There were young priests from Dan and date farmers from the shores of Galilee come down to pray for a bountiful harvest. There were Hebrew dyers who kept their vats in the seaport city of Aecho, nestled among Aramaean and Cypriot merchants. There were Hebrews from Samaria who had doggedly held to their own religion amidst the enemy, and there were poor villagers from Shunem, where King David had found his last and greatest concubine, the sweet child Abishag. Those who could afford to do so led animals for sacrifice at the temple altars, and one could hear the lowing of cattle and the cry of sheep. Others carried chickens intended for their own consumption and some women had white doves captured in cages made of reeds: these were for the temple. A few farmers rode donkeys, but most came on foot to worship at the central shrine of the Hebrews, to see with their own eyes the everlasting glory of Jerusalem.

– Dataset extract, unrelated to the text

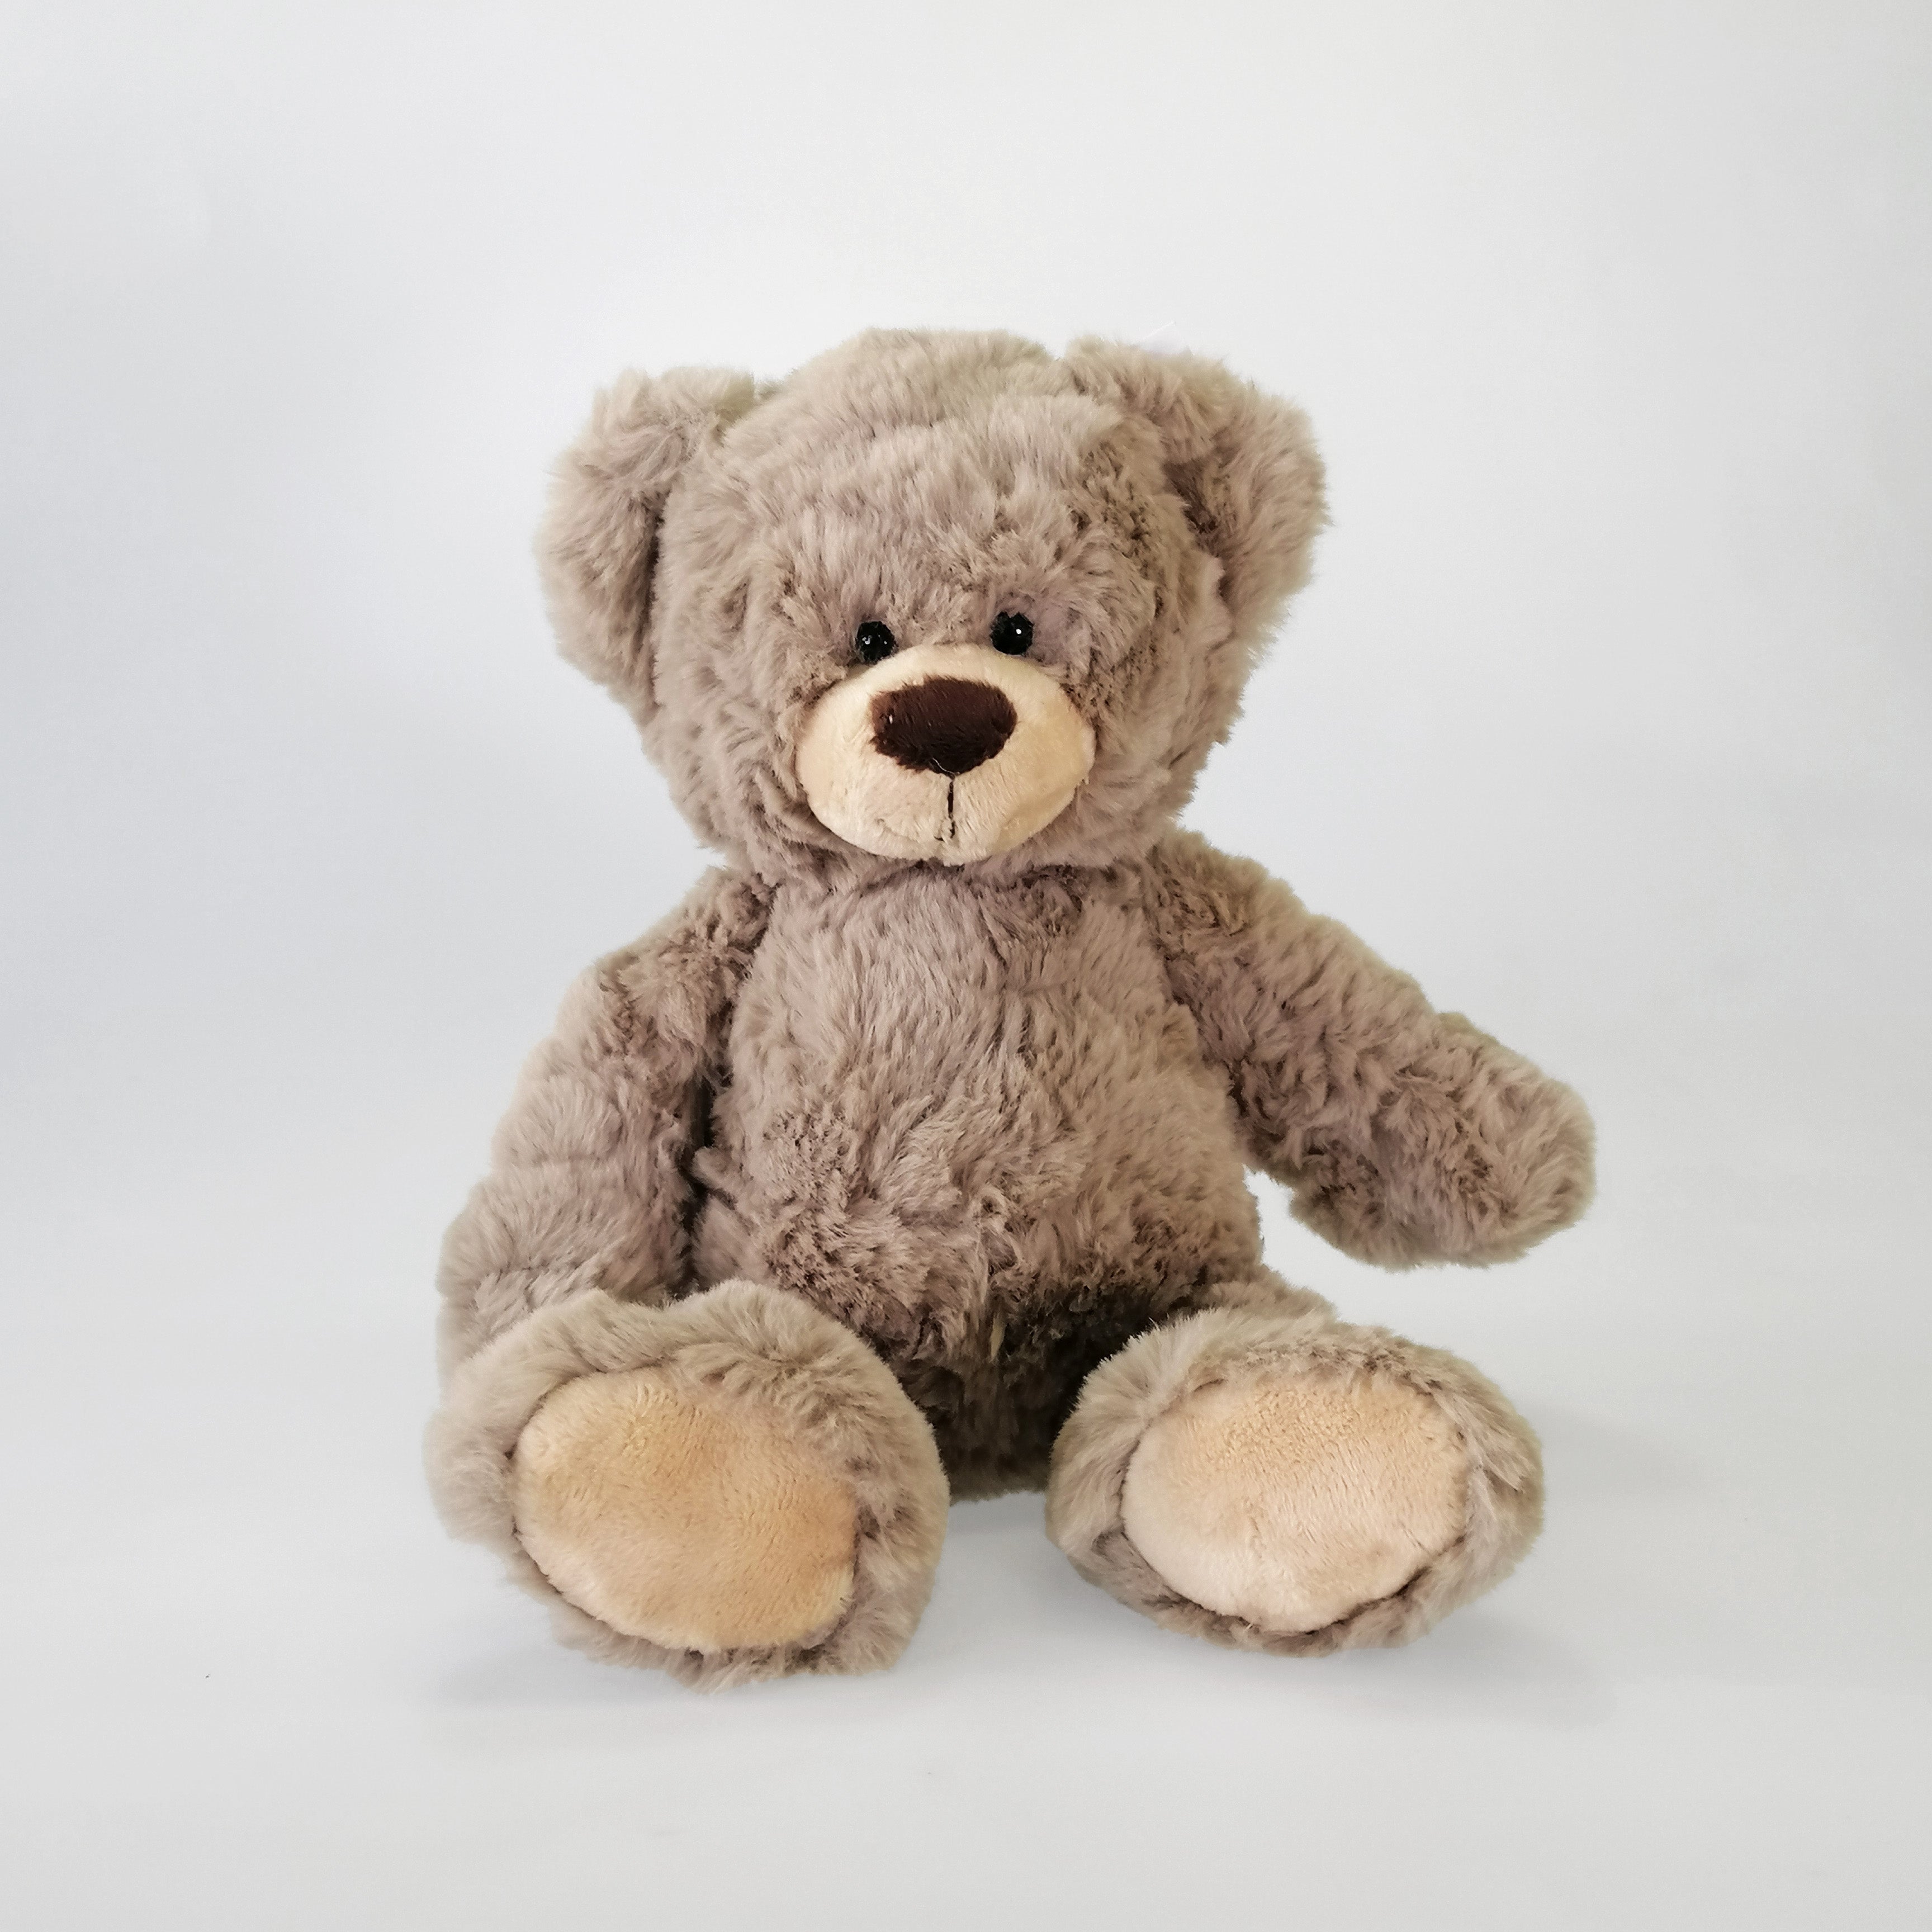 Soft Teddy Bear - Light Brown

Gomer and her son were struggling up the last steep, rocky path, surrounded by barren hills and deep wadis, when they heard ahead of them the joyful chant of people singing the traditional songs of the ascent:“I rejoiced when they said unto me:

‘Let us go unto the house of Yahweh.’

Our feet are standing

Within your gates, O Jerusalem …

Whither the tribes go up, even the tribes of Yahweh.”

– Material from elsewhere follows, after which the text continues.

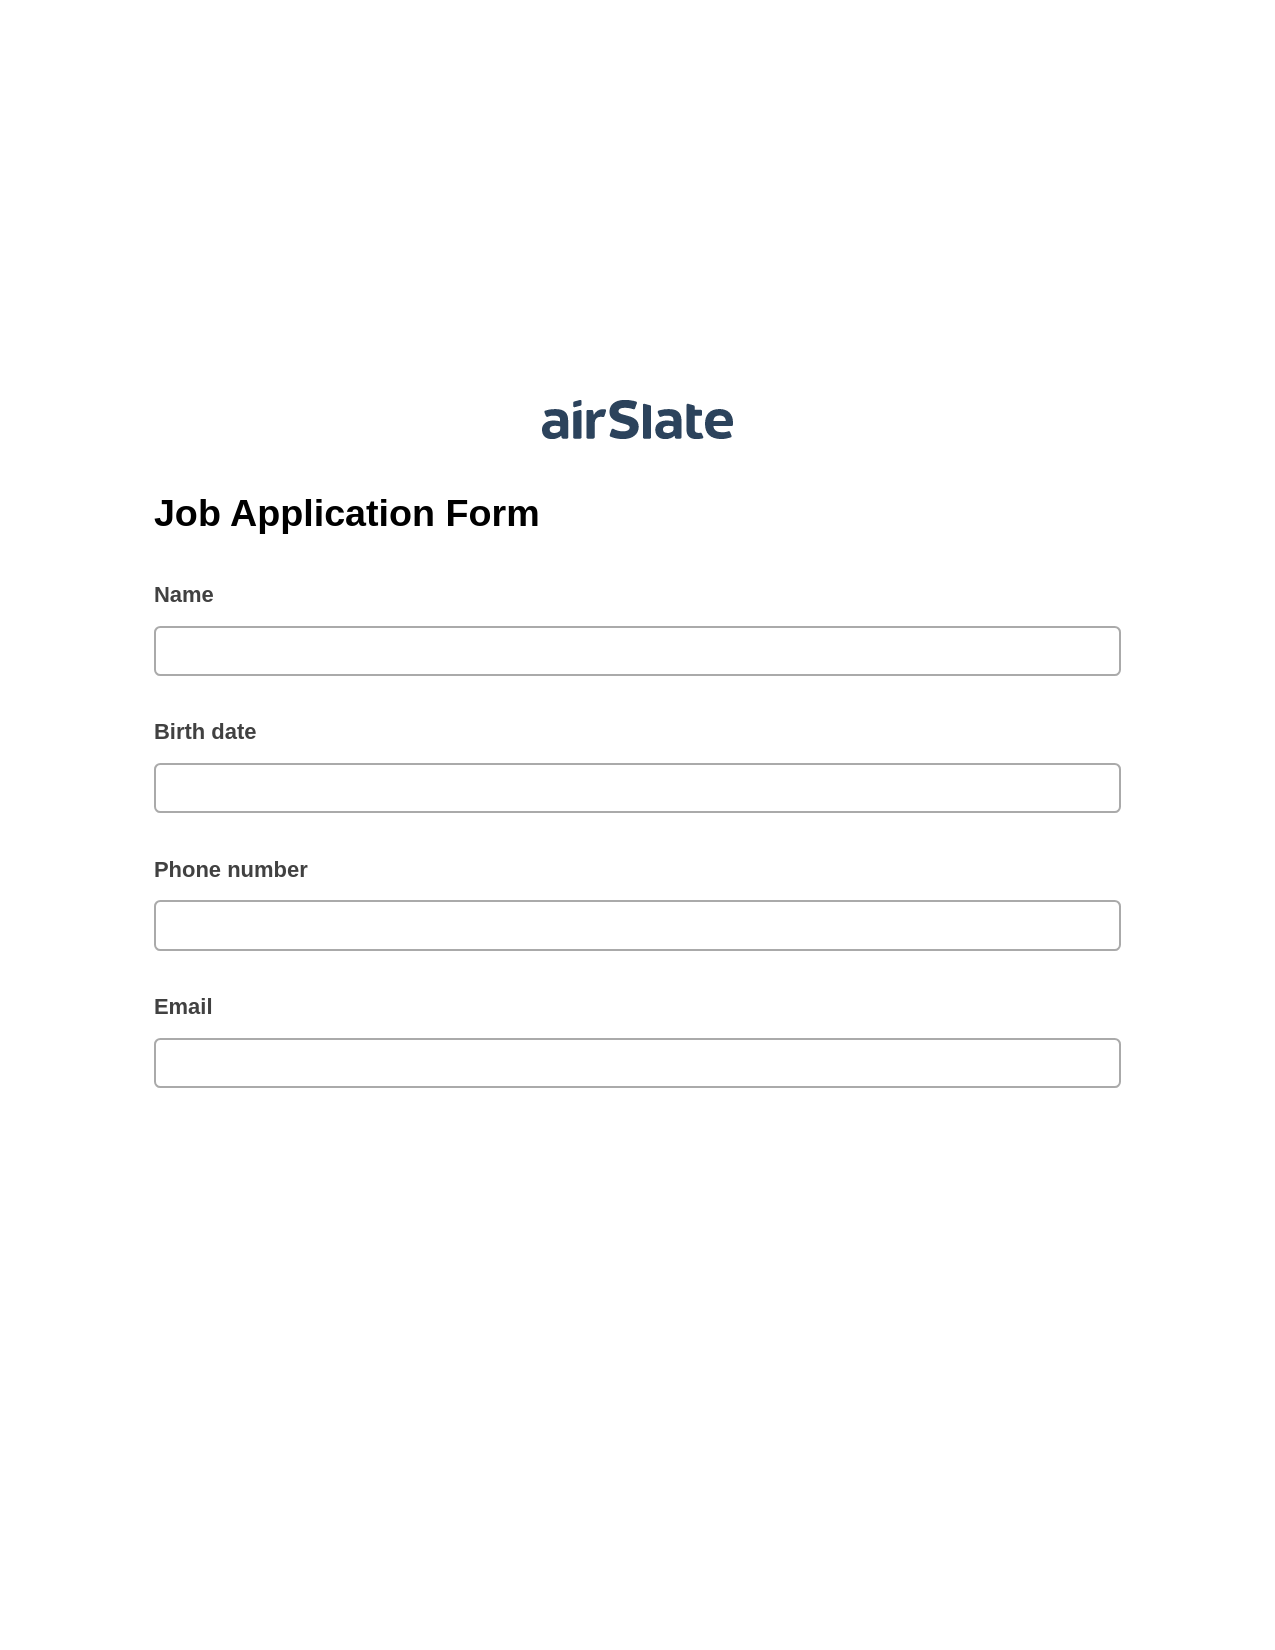 Job Application Form Pre-fill Slate from MS Dynamics 365 Records Bot, Create slate bot, Google Drive Bot

All joined in this song of delight, but never for long did this mood prevail, for always some tormented voice, unable to believe that it was on the threshold of Jerusalem, would cry in humble supplication:“Out of the depths have I called upon you, Yahweh.

Yahweh, hear my voice.

Let your ears be attentive to the voice of my supplications.”

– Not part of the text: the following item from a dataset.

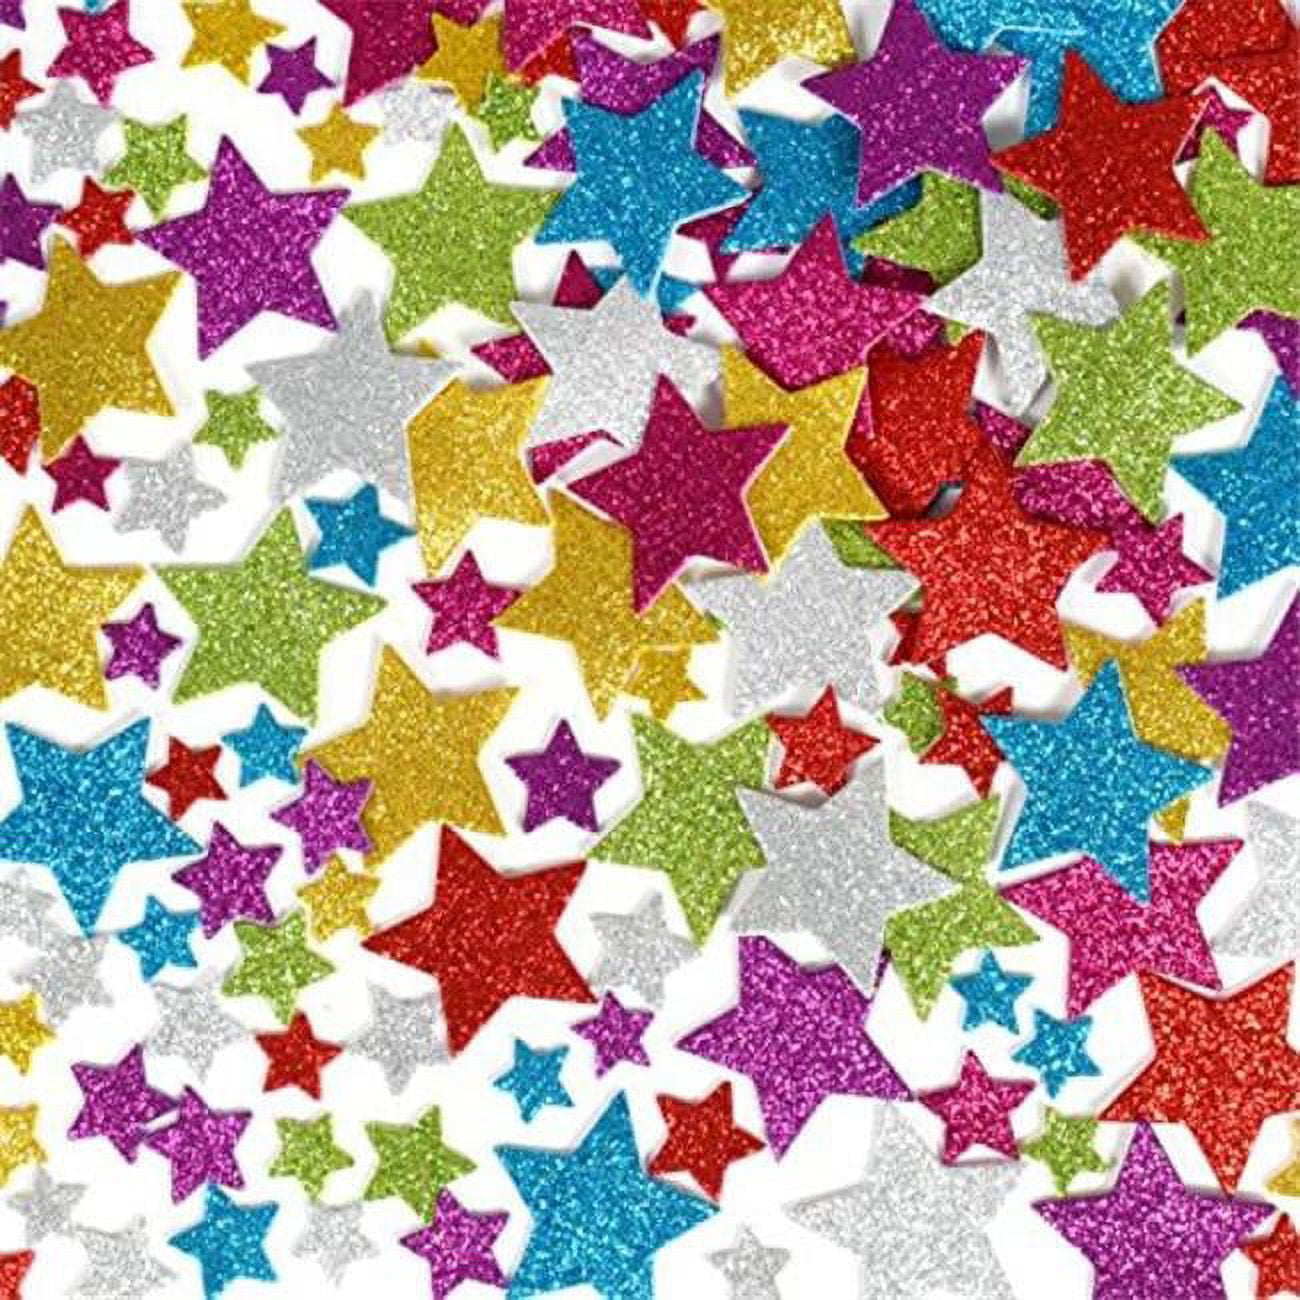 1Bag Colorful Self Adhesive Stars Shaped Foam Glitter Sticker

Most endeavored to suppress their own desires and to submit themselves to the will of Yahweh, trusting as Gomer did that his guidance would sustain them:“Yahweh, my heart is not haughty nor my eyes lofty;

Neither do I exercise myself in things too great,

Or in things too wonderful for me.”

And when they entered upon the last league they made a solemn promise that they would march uninterruptedly to the holy city regardless of what impediments they might encounter:“Yahweh, let me remember David and his afflictions,

How he swore unto Yahweh

And vowed unto the god of Jacob.

Surely I will not come into the tent of my own house

Nor go up into the bed that is spread for me;

I will not give sleep to my eyes

Nor slumber to my eyelids

Until I find out a place for Yahweh,

A dwelling place for the mighty one.”

And then, when the day was very hot upon them, Gomer and Rimmon heard the singers ahead suddenly cease, and everywhere there was silence as those behind pushed forward, and at last the multitude looked south across bare hills and saw rising before them a stout, high wall, a most massive thing built of enormous stones that shone pink and gray and purple in the noonday sun; and from the walls, rose towers marking a gate, and beyond it the majestic outlines of a temple, heavy and monumental and brooding. Many fell to their knees, to think that they had lived to see this city, but Gomer noticed that Rimmon stood apart, staring at the extraordinary walls and the ineffable grace that invested the stones of this sacred place. Watching her son absorb the wonder of Jerusalem she tried to guess what divine need had brought him to this spot, but she knew not, and then she found herself pulled to his side and her soft voice began whispering words and ideas that she herself could not have conjured up: “Look not to the walls, Rimmon son of Gomer. Look rather to the west to those slopes by the fullers’ field. A hundred years ago did not Sennacherib, having crushed Makor, camp in that spot, his army as thick as locusts in the seventh year? And did he not make preparations to destroy Jerusalem”—of these matters Gomer knew nothing—“so that the holy City of David lay powerless before him? The terrible Assyrian needed only to press against those pink-gray walls, and Jerusalem was his that he might crush the temple and destroy the sons of Judah forever. But at the middle of the night I moved among the tents of the Assyrians. More powerful than chariots was I that night, more deadly than arrows tipped with iron, and in the morning death was upon the host and it melted away.”